Yesterday my 4-year-old daughter, Maura, tried to convince me that potty talk is funny. She spent a good 10 minutes bestowing the many virtues of potty talk - how it sounds funny, how the topic itself is hilarious, etc. Her father would be so proud. After hearing her arguments, Judge mommy ruled that while Maura may find potty talk to be funny, it is an inappropriate topic to discuss in public. Court adjourned.Fast forward to this morning. What a horrible morning. My son, Gage, was in a foul mood and decided I was a great target for his hostility. He didn't wish to cooperate with me on anything - from finishing his homework, to getting dressed and brushing his teeth. We ultimately had it out to the point that many parents reach. The point when you have an out-of-body experience, look down on the situation and realize that you have officially lost your shit. At that point, I immediately stopped and simply walked away quietly.
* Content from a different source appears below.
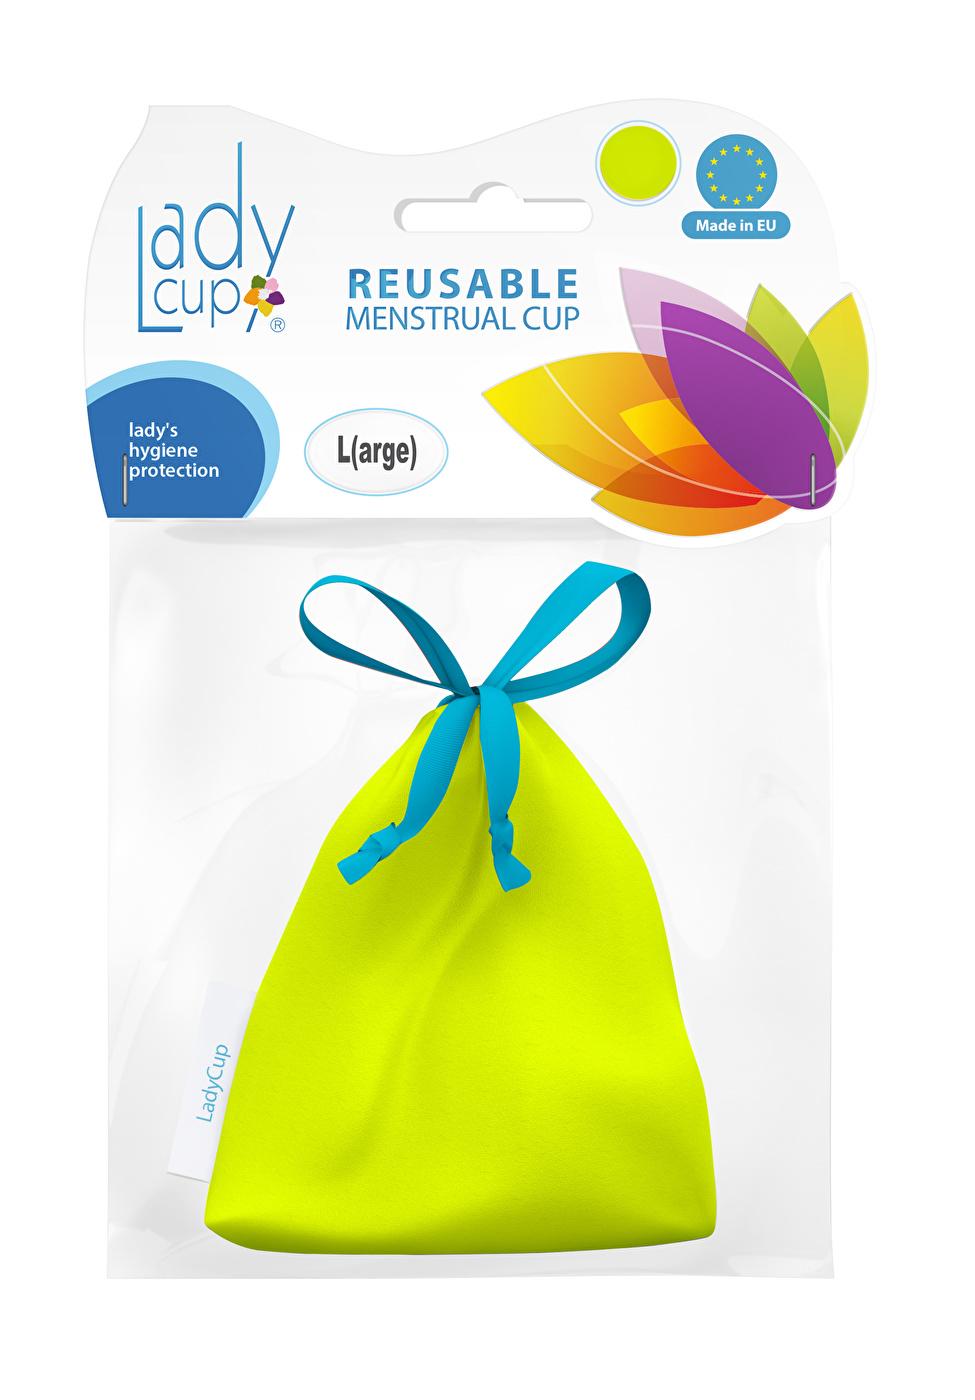 ladycup-menskopp-neon-plastförpackning

So you are probably wondering what this has to do with Potty Talk. Well, as we are driving to school (yes, he missed the bus because of the heated battle) I calmly said to Gage, "Buddy, we need to figure out a better way to handle your homework, and the way we communicate. This just isn't working. What do you think?" He replied, "I agree, Mom. I have an idea on how to make it better." Okay...progress. He went on to describe how we could make things better.
I gingerly continued, "I don't want to yell. I don't want to fight. It makes me feel like poop. It make you feel like poop. Who wants to feel like poop?" As this was a rhetorical question, I certainly did not expect the following. 2-year-old Lyla joyfully exclaims, "I do!!" Well, Gage and I had a good laugh - a much needed comic relief.
Moments pass until I hear Maura say in a knowing voice, "See, Mom? I told you potty talk is funny." Always has to have the last word.